A piece of Cuban history

He peered through his glasses, grumbling to himself in Spanish. You get the sense he’s been standing there all day. A policeman quickly strides up the street behind him, smacking the sandwich board with both hands, loud and hard.

“You’re in big trouble, boy!” he yells in a gruff, southern drawl.

Two teenage boys handing out fliers up and down La Septima rush to the sign-bearer’s aide, grappling with the cop to distract him and trying to get away when he turns to them.

“What’s your name, boy?” he says as he holds one by the collar.

“Me no speaka good English! Me no understand!”

“It’s 1931, the Depression has hit. The tobacco workers all work by hand,” explained Denis Calandra, the play’s writer and director.

Cuban Bread tells the story of a young Ybor City where liberal Latin culture meets the Deep South.

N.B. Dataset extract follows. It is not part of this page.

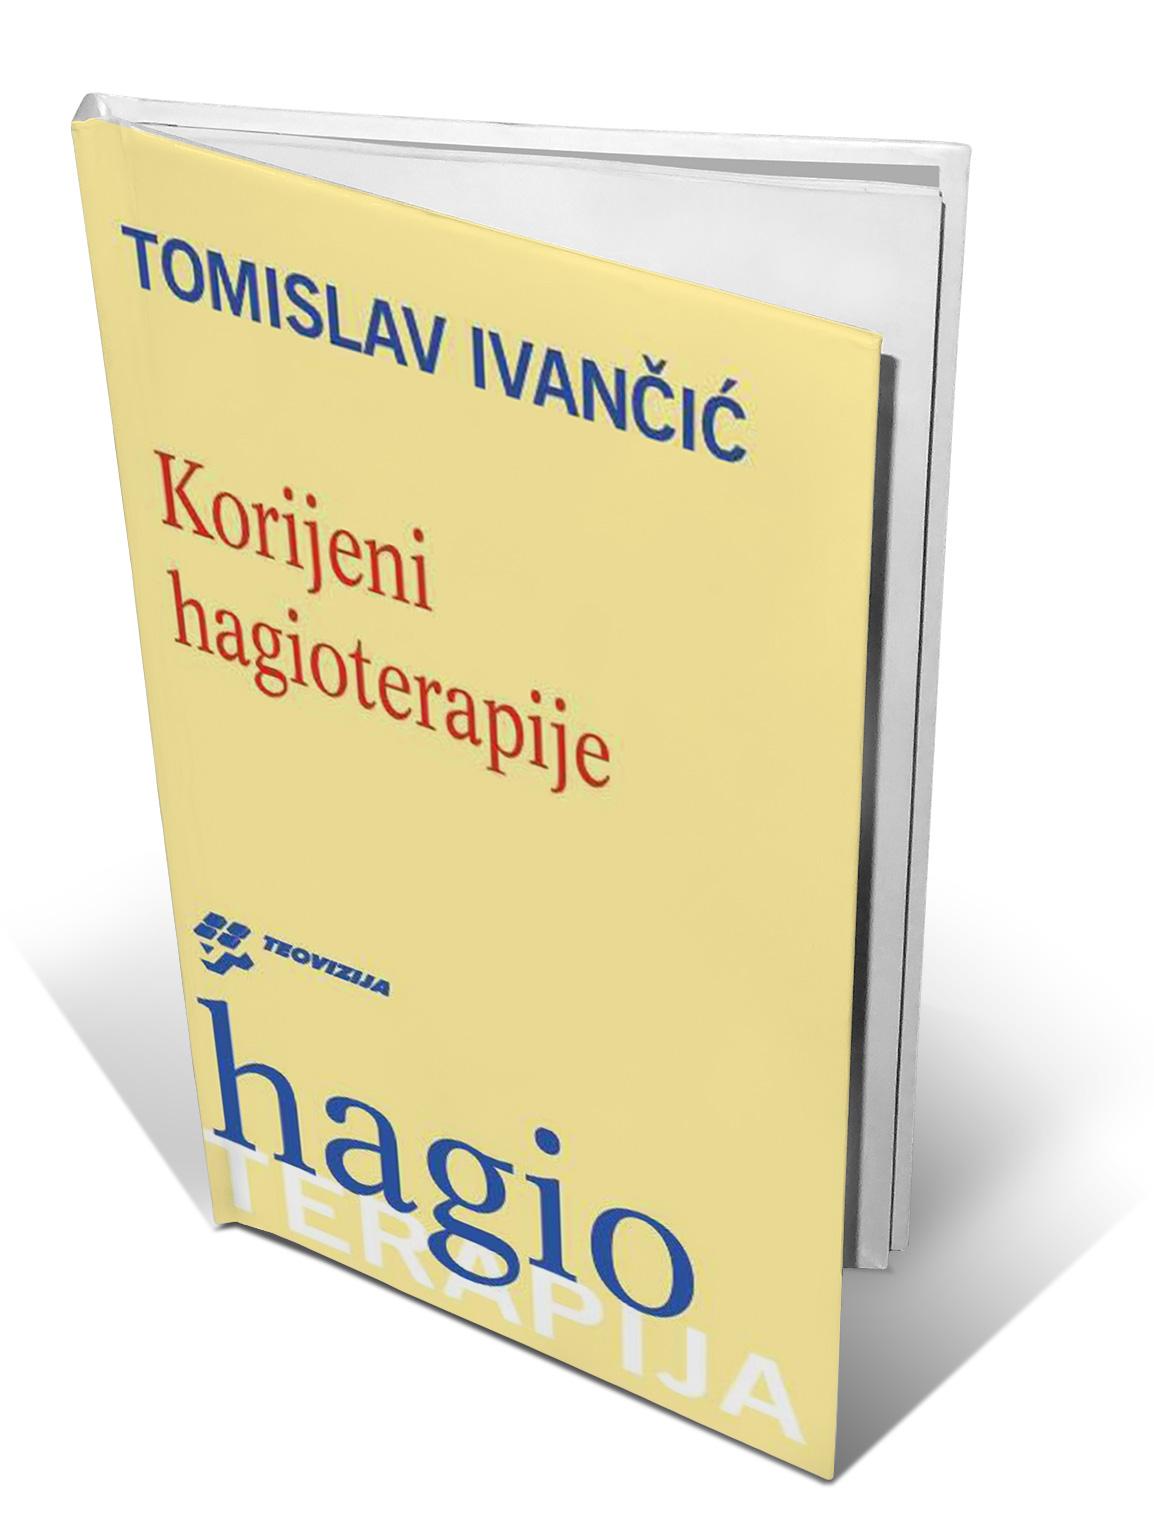 KORJENI HAGIOTERAPIJE - Tomislav Ivančić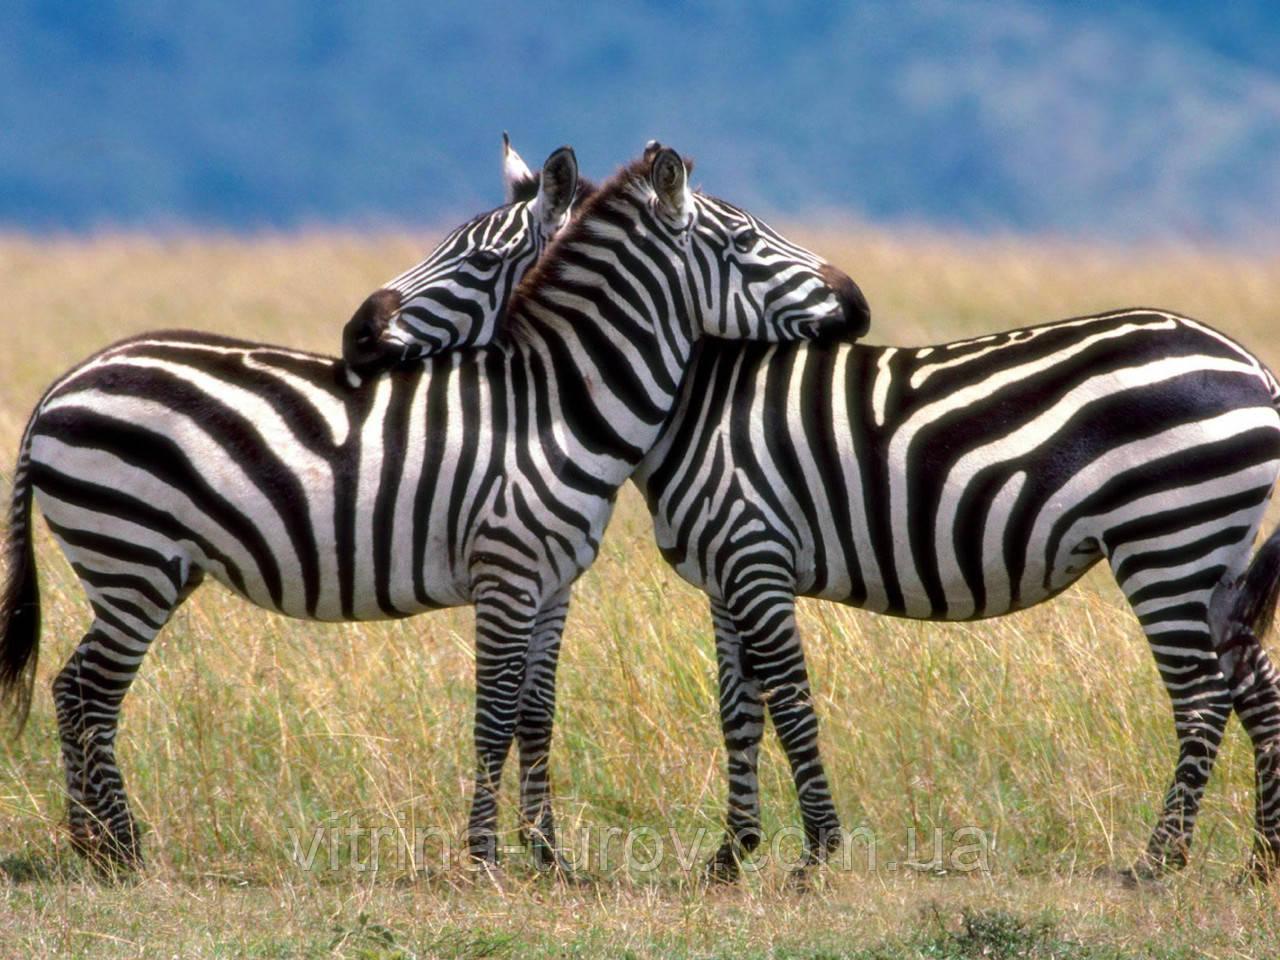 """Экскурсионный тур в Танзанию """"Кратер Нгоронгоро - Серенгети - озеро Маньяра"""" на 4 дня / 3 ночи"""

Many of the immigrants may have been illiterate, said Calandra, but they were not uneducated. “A people of stories,” factory workers auditioned and paid lectors to read to them the news and literature of the day as they prepared tobacco and cigars.

“I didn’t know of any other industry in which this occurred,” he said. “It struck me as an eminently theatrical idea.”

Calandra researched the city extensively by speaking with some of the old workers. They told Calandra the lectors were often bilingual, sometimes even trilingual men with extensive libraries.

In 1988, Calandra wrote an early draft of the play which won an honorable mention in a statewide contest. He worked as a producer for USF’s Theatre Department for several years before deciding to rewrite the piece in 2002.

“It’s a play about freedom of expression and specific cultural circumstances that allow for and encourage a kind of openness towards other people (and) other lives,” he said. “It deals with issues that never go away in this country.”

Although the factories were not devoid of racism, it was decades before the Civil Rights movement and mainstream views represented in well-established newspapers deemed ideas like socialism and labor unions as “godless, communist ideology.”

Management saw Cubans as an industrial asset or a political threat.

“Those were real fears but they were also conveniently exaggerated fears,” Calandra said.

In 1921 a series of strikes resulted in the abolishment of the lectors by manufacturers who saw them as “potential rabble-rousers, organizers and political speechmakers,” Calandra said.

“There were some who were fairly radical, some who were middle of the road, some who were probably leaning to the right,” he said.

Assistant professor David Mann portrays lector Alfonso Rivera, the main character caught between multiple political and emotional extremes and “trying not to give in to passion”.

A quiet advocate for anarchy, Rivera was out of work for years when his position was abolished. He watched people get swept up by the political movements, hurt and even killed.

“He is trying to keep the ones he loves from going down that route again,” Mann said. “And it’s a difficult thing to try to do.”

Although Mann said the play is replete with history and political struggles, Cuban Bread is no history lesson. Humor and romance make the characters real and their stories personal.

“Does it treat it fairly? If by ‘fairly’ you mean ‘dispassionately’ or ‘objectively,’ then no. I don’t think that anyone can treat anything objectively,” he said.

Jessie Wintermute plays Luis, a 14-year-old coffee boy who serves coffee to the workers in Reagan’s (Burk) Factory.

Wintermute studied under David Mann and won a top prize in an undergraduate colloquium last week for his research on the process of a character.

He said he learned about the culture the immigrants brought over, like Latin dance moves. Jessie found how to connect his love of dance with his character Luis’s love of baseball.

“In modern dance class, we do this one leap, and I noticed in baseball they do the same thing, just modified. Athletes are basically dancing,” he said.

Carolina Garcia plays the passionate Cuban cigar roller, Rosa Ramirez. She said she grew up around cigars and understands their importance in her culture.

“(Ramirez) is the person, I believe, (who) is the most honestly trying to still fight for the voice of the workers,” Garcia said.

Garcia said she can absolutely relate with Rosa’s character.

“To be Cuban-American in these days and to feel the way I do, is kind of a hard position to be in because the majority of Cubans, (especially) in this state, feel very differently (politically).”

Even the walls talk. Theater design senior and scenic designer Edward Ross said recreating 1931 Ybor started over two months ago.

From touring factories and houses in Ybor to working through several sketches and building a full-color 4 by 2-foot tall half-inch scale model, Ross wanted to “create a place you could really believe they lived in.”

Tomorrow night, sepia-colored “brick” walls, wooden beams and staircases will come alive as a barber shop, a cigar factory, a Latin kitchen and a labor temple.

“You can look at pictures and look all you want, but it’s what those buildings felt like,” Ross said.

As a teacher, Calandra said he gets great joy from watching the students grow into their parts. Calandra added he modeled the characters after the “expressive, emotional brilliant kind of people” he observed in the Latin culture, even naming some of them after a godfather or uncle.

“Theatre is a collaborative art,” Mann said. “It’s not like a painter sitting alone in his studio. It depends on everybody involved.”

“It’s been a trying process, but one which I think will pay off in the end.”